Abracadabra is a horror novel about magic and magicians. It is warm and wise and full of love.

Kill me now.

Published by that purveyor of Grade Z dreck, Zebra Books, in 1988, Abracadabra missed a trick when its author, Stephen Gresham, didn’t call it Abracadaver. Then again, Gresham thought a book about magicians would be marketable, so we shouldn’t be surprised that he sometimes misses the obvious. From page one, we’re dropped in the middle of the story of adorable 11-year old Olivia Jayne Smith, known as Juice, who loves magic. She’s constantly playing wonderful pranks on her daddy, like pulling an entire chicken out of his hamburger while he’s eating. But daddy never laughs because…because mama spends all her time at…at aerobics classes and is never home for dinner. Fortunately, Juice has her Pa-Nah, whom normal people would call her grandfather. He belongs to the Sleights-of-Hand, a group of elderly men who lurve magic so much they gather at each other’s homes and force their tricks on each other, kind of like a circle jerk except there are more hourglasses full of gold and silk handkerchiefs involved. One of the men actually is an impressive magician, however. He’s named Binky Sullivan, and surviving to old age with a name like that is an amazing trick.

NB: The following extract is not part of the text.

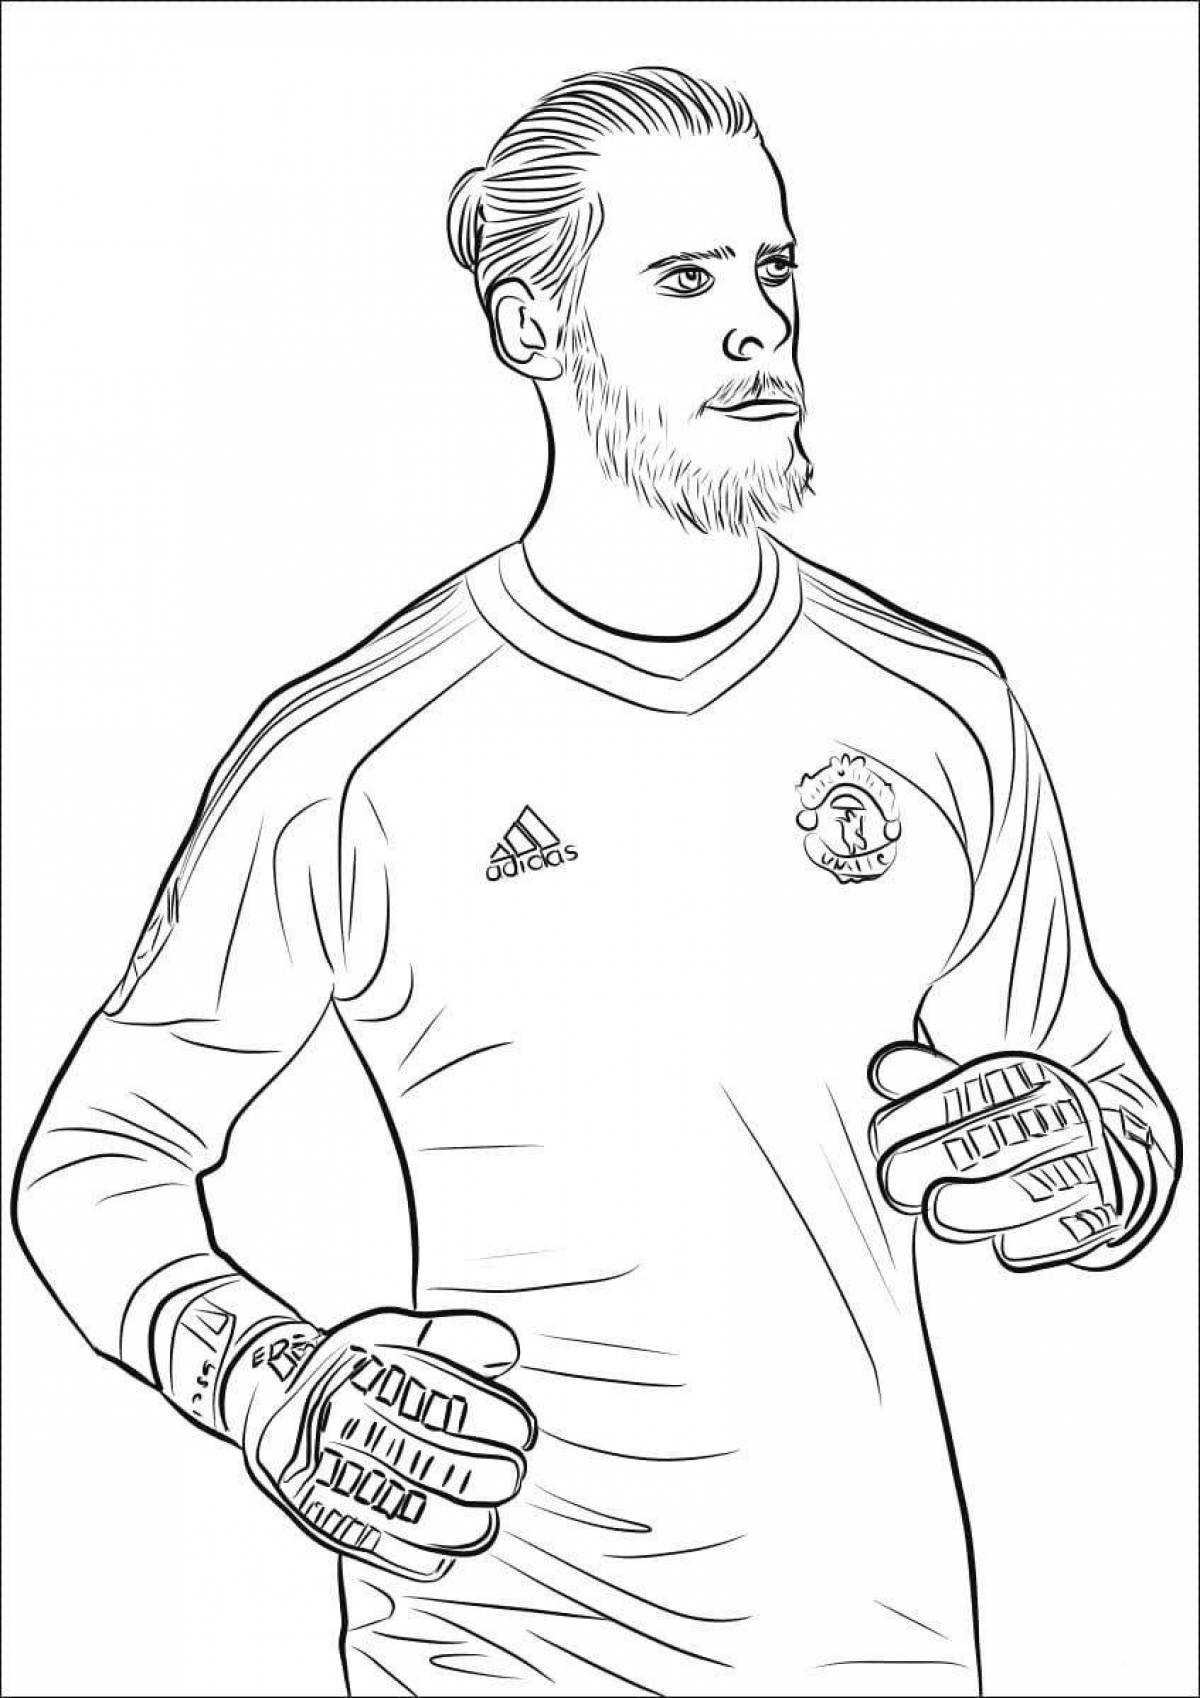 Exquisite van dyck soccer player coloring book

Juice has an abnormal fetish for the way old people smell and so she yearns to join the Sleights-of-Hand, attending their meetings and showing them her own pathetic, half-baked tricks which they indulge because they’re too frail to hold a pillow over her face until she stops struggling. Juice dances around like a beam of sunshine, liberally dusting her sentences with adorable phrases like “Gosh o’Friday” and “Gosh o’Gravy” and “Crime-a-nitly”. Being from the South, she regularly excretes sentences like “I’m hungrier’n creation,” when she’s not turning to Pa-Nah and asking disconcerting questions like “Pa-Nah, did you ever bring grandma here to the creek and love and hug on her?” By the time her alcoholic mom calls her “little bitch mouth” you’re kind of on mom’s side. The fact that her mom is a Twisted Sister fan just makes her even more likely to be right.

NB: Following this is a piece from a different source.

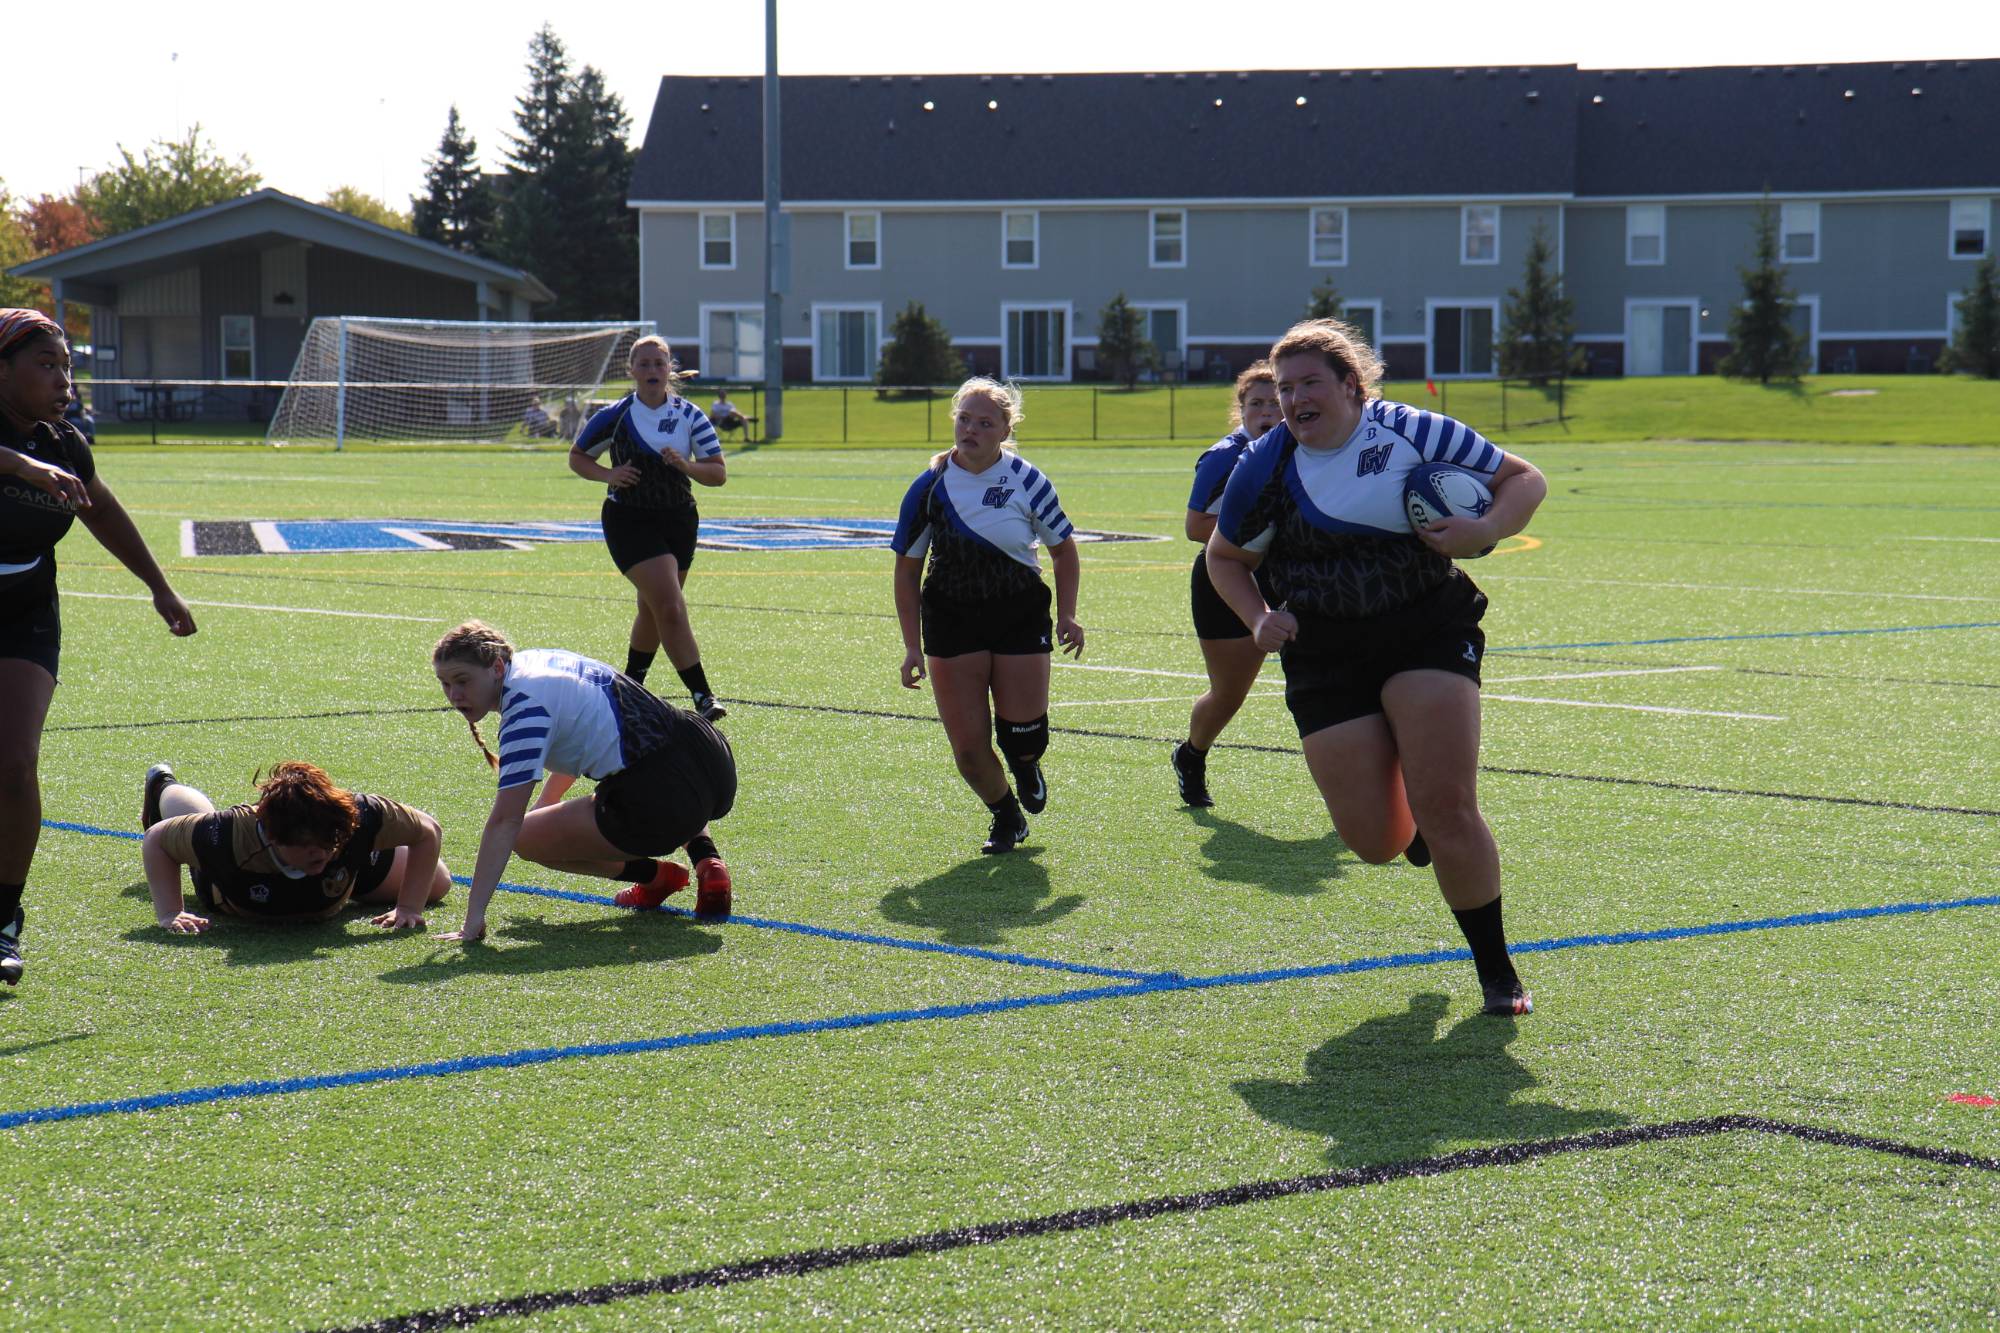 women's rugby game on field 1

One day, while milling around near the Wilner Theater on the local college campus, Juice stumbles into the basement and opens an old trunk with a skeleton key Pa-Nah gave her, releasing Robert LeFey, a sexy young man who, to cut through a lot of crap, was an evil magician back in the whenevers and was imprisoned in the trunk by the Sleights-of-Hand club. He has come back to seek revenge and the Sleights must rally and defeat him. Which makes it sound like an epic battle is brewing.

No.

The fact that the Sleight’s master plan to dispose of their dangerous enemy was to lock him in an unguarded trunk and shove it in the basement of the local college’s drama department gives you an indication of the kind of masterminds we’re dealing with. Then again, LeFey can’t even lift Pa-Nah’s magical skeleton key off a simple-minded 11-year old girl whose biggest dream is to wear fishnet stockings and wash dove shit out of top hats, so they’re pretty evenly matched. It’s something of a miracle that LeFey manages to murder one of the Sleights…by getting him to crawl inside a knife-studded trick cabinet. *sigh. It’s like Harry Potter if Hogwarts was a school for blind kittens.

The Sleights come up with a master plan to kill LeFey using electrified New Age crystals that are so expensive one of them has to dip into his trust fund to cover their cost, and I can only imagine how long the hippie earth mother laughed up the sleeve of her tie-dyed mumu after marking up her rose quartz crystals 1000000000% and pawning them off on this elderly sucker. The plan fails, and LeFey gets the drop on these wand-waving duffers and, when they are totally and completely at his mercy, trembling with fear, he ties them up and walks away, leaving them inside a dark cave, in mortal danger of missing a meal.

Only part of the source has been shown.